The use of tungsten receiving divertor plates and beryllium tiling of the first wall is planned in the ITER tokamak international project [1]. These elements will be exposed to high-power pulsed plasma flows during the development of ELM instabilities at the plasma edge, when energies of 0.2–5 MJ/m2 will be released during 0.1–1 ms [2], or during disruptions, when energies of 12–70 MJ/m2 will be released during 1.5–3 ms [3]. Under the effect of such plasma pulses, the melting of metal coatings and transport of a molten metal layer over the surface can occur. As a result of this, the thickness of the plasma facing tiles will decrease and, consequently, their service life will be reduced. Another negative consequence of molten metal transport over the surface may be the alloying of the adjacent plates that are in contact with plasma. Since the plasma conditions characteristic of the ELM-events or disruptions in ITER cannot be reproduced in any of the currently operating tokamaks, plasma accelerators [4, 5] and electron beams [6, 7] are used to test the protective coatings.
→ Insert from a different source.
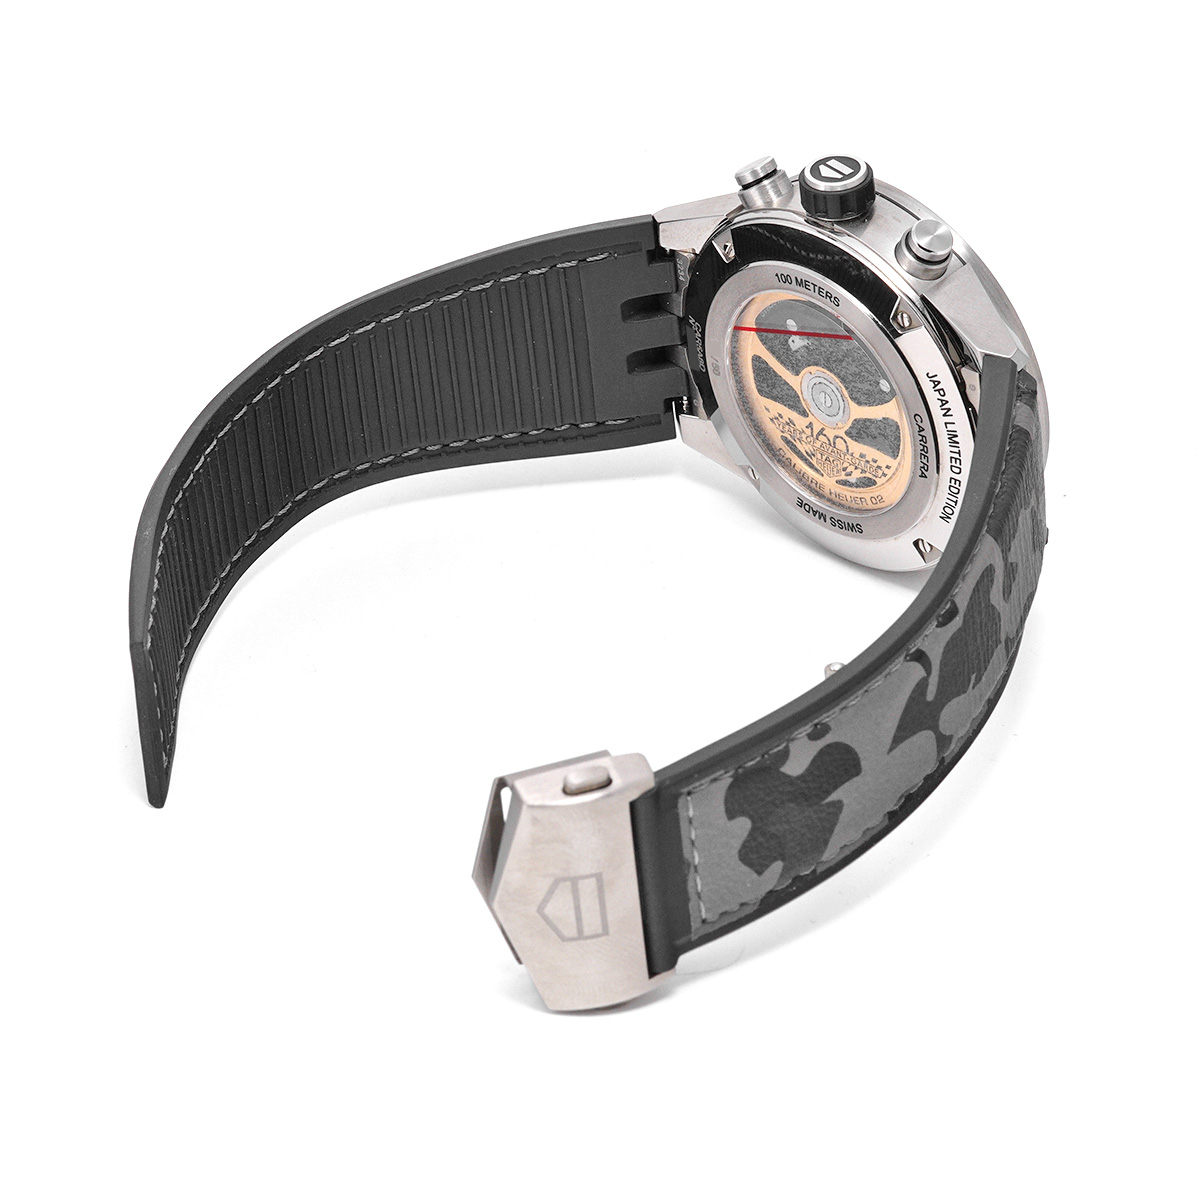 タグ ホイヤー TAG HEUER CAR5A8D.EB0212 ブラック メンズ 腕時計
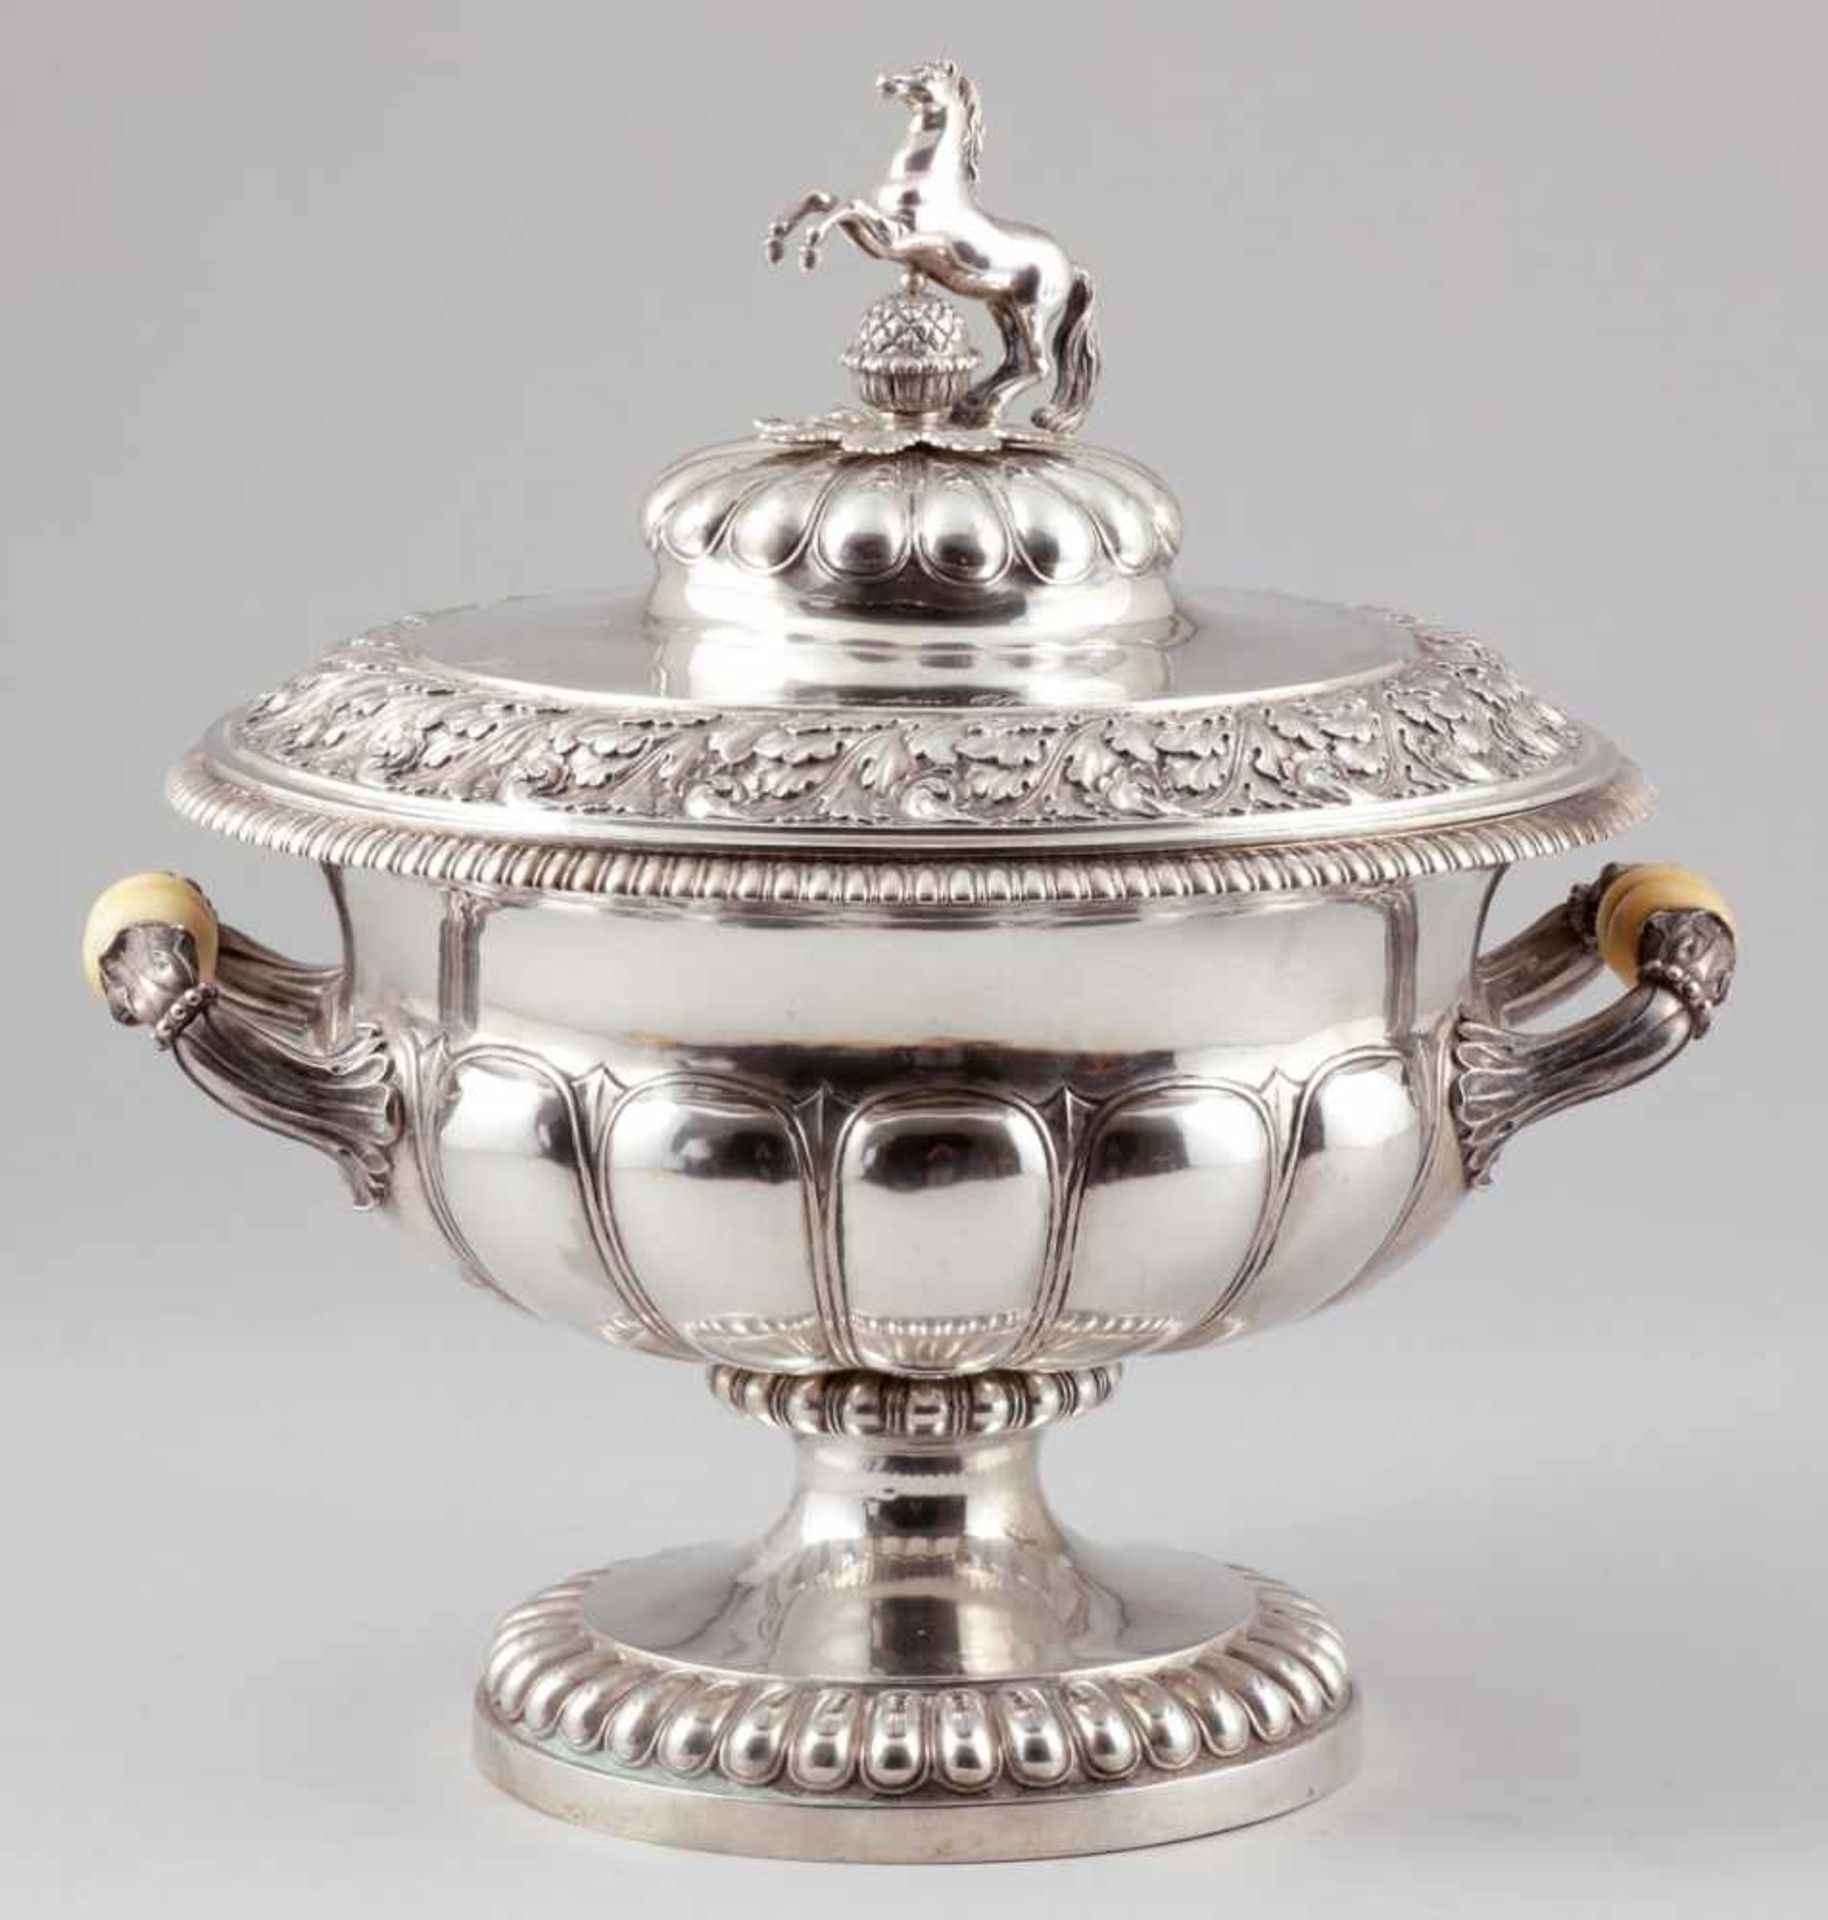 Hochbedeutende DeckelterrineGeorg Julius Friedrich Knauer/Hannover, um 1842. 800er Silber. Punzen:

QSPA plasma accelerators produce plasma flows with characteristics that correspond as closely as possible to the plasma flows expected in the ITER tokamak during ELM-events and disruptions [8]. QSPA pulses have the necessary energy density and duration. However, in a QSPA, the plasma flow pressure is several atmospheres, while the pressures expected in the ITER during ELM-events and disruptions are ~102 and ~103 Pa, respectively. Studies of metal erosion under the effect of QSPA pulses have shown [8] that two types of relief formed at the surface exposed to the plasma pulses can be distinguished. In the first case, waves are formed that propagate to the periphery of the region exposed to plasma (Fig. 1).

Fig. 1.
figure 1

The surface of a niobium target after exposure to 25 QSPA pulses with an energy of 1.9 MJ/m2 [8].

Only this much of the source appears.